One gram of water at 105 Pa is converted into steam at 100 C. Volume of 1 gram of steam is 1671 CC. If the latent heat of evaporation is 540lcal, the change in the internal energy due to evaporation is

(A) 167 cal (B) 540 cal (C) 500 cal (D) 581 cal

To determine the change in internal energy due to the evaporation of one gram of water into steam, we need to consider the latent heat of evaporation and the specific conditions given in the problem. Let's break this down step by step.

Understanding the Concepts

When water evaporates, it undergoes a phase change from liquid to gas. This process requires energy, known as the latent heat of evaporation. In this case, the latent heat is provided as 540 kcal for one gram of water. It's important to note that this energy is absorbed by the water during the phase change, which affects the internal energy of the system.

Key Information

• Mass of water = 1 gram
• Latent heat of evaporation = 540 kcal
• Volume of steam = 1671 cc
• Pressure = 105 Pa

Calculating the Change in Internal Energy

The change in internal energy (ΔU) during the evaporation process can be calculated using the formula:

ΔU = Q - W

Where:

• Q is the heat absorbed (latent heat of evaporation)
• W is the work done by the system during the expansion

Step 1: Heat Absorbed (Q)

In this scenario, the heat absorbed (Q) during the phase change is equal to the latent heat of evaporation:

Q = 540 kcal

Step 2: Work Done (W)

Next, we need to calculate the work done by the steam as it expands against the atmospheric pressure. The work done can be calculated using the formula:

W = PΔV

Where:

• P is the pressure (105 Pa)
• ΔV is the change in volume (final volume of steam - initial volume of water)
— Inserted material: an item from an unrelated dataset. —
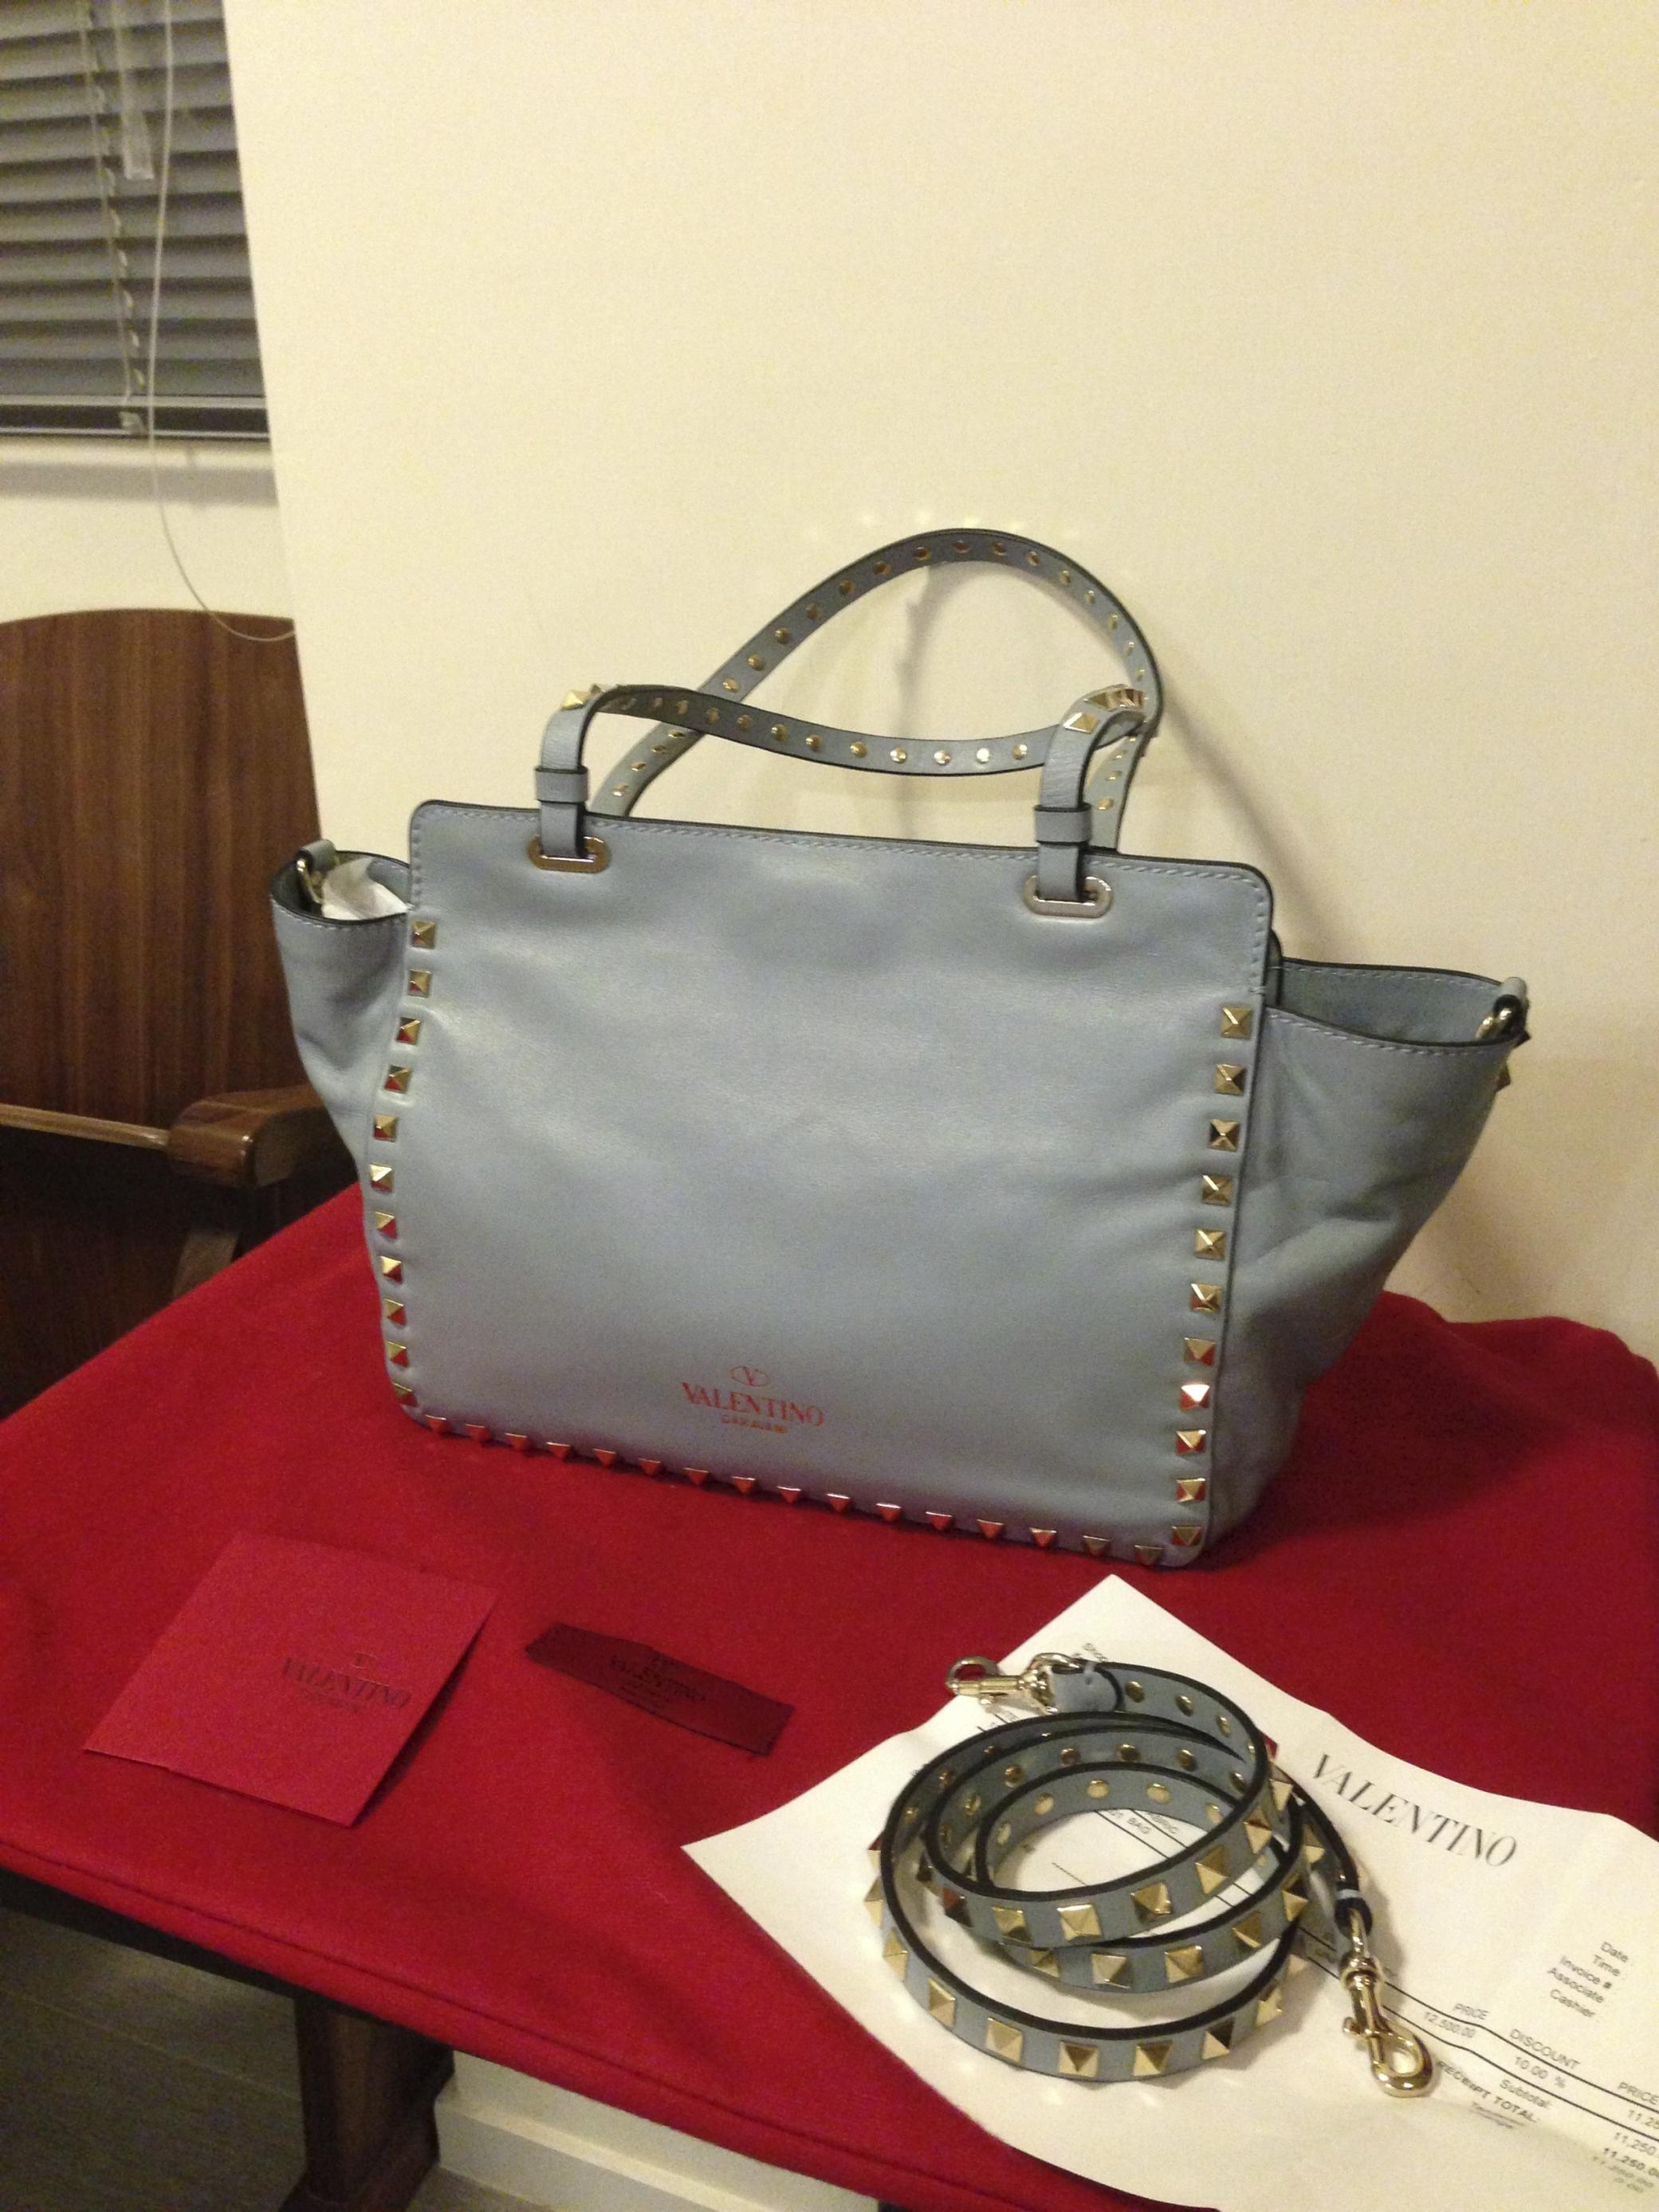 Top Bag Trends des Jahres 2020 - Die besten neuen Taschen des Jahres #handbag trend 2020 #handbag

Since the initial volume of 1 gram of water is negligible compared to the volume of steam, we can approximate:

ΔV ≈ 1671 cc = 1671 x 10^-6 m³

Now, substituting the values into the work formula:

W = 105 Pa × 1671 x 10^-6 m³

W ≈ 0.175 cal (since 1 J = 0.239 cal, and 1 Pa·m³ = 1 J)

Final Calculation of Change in Internal Energy

Now we can substitute Q and W back into the internal energy equation:

ΔU = Q - W

ΔU = 540 kcal - 0.175 cal

Since 1 kcal = 1000 cal, we convert 540 kcal to calories:

540 kcal = 540,000 cal

Now, substituting this value:

ΔU = 540,000 cal - 0.175 cal ≈ 540,000 cal

Conclusion

Thus, the change in internal energy due to the evaporation of 1 gram of water into steam at 100 °C is approximately 540 cal. Therefore, the correct answer is (B) 540 cal.